Friday, April 16, 2010

Free Cheese Pairing Guide

Free Cheese Pairing Guide from Beemster! I received this cool offer via email...looks like anyone can order a free one!  Click HERE!

Saturday, April 3, 2010

Are Your Ready for April's Cheesy Challenge? Halloumi!

Photo of Grilled Halloumi Cheese - Squidoo.com

After exploring lots of easy and delicious fresh cheeses lately, we have stepped up the challenge this month - and are making Halloumi!

Halloumi - Wiki

Halloumi or haloumi (Greek χαλούμι, Turkish hellim, Arabic حلوم ḥallūm) is a traditional Cypriot cheese that is also popular in the rest of the Middle East and Greece, and is now made the world over. It is made from a mixture of goat's and sheep milk, although some halloumi can be bought that also contains cow's milk. It has a high melting point, and so can easily be fried or grilled.
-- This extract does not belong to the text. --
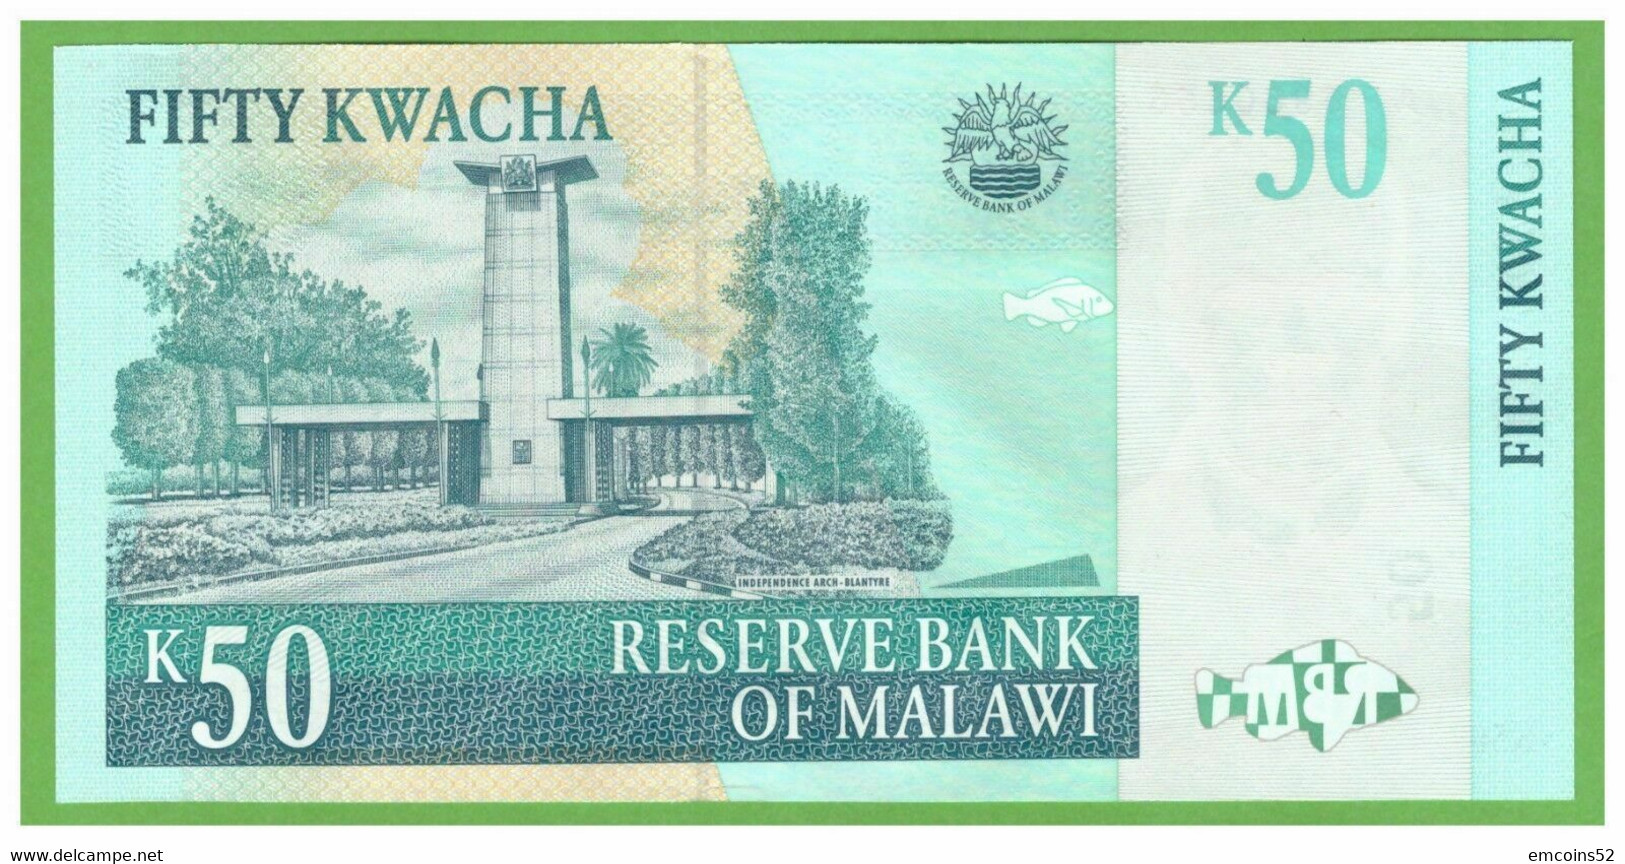 MALAWI 50 KWACHA 2001  P-45a  UNC - Malawi

Halloumi is set with rennet, and is unusual in that no acid or acid-producing bacterium is used in its preparation.


Cypriot halloumi

Halloumi cheese originated in Cyprus and was initially made during the Medieval Byzantine period, subsequently gaining popularity throughout the rest of the Middle East region. Industrial halloumi contains more cow's milk than goat and sheep milk. This reduces the cost but changes the taste and the grilling properties.

The cheese is white, with a distinctive layered texture, similar to mozzarella, and has a salty flavour. It is stored in its natural juices with salt-water, and can keep for up to a year if frozen below −18 °C (0 °F) and defrosted to +4 °C (39 °F) for sale at supermarkets. It is often garnished with mint to add to the taste. Traditionally, the mint leaves were used as a preservative, the use serendipitously discovered when the fresh Halloumi was kept wrapped for freshness and flavour from the mint leaves. Hence, if you look closely, many packaged Halloumi will have bits of mint leaf on the surface of the cheese.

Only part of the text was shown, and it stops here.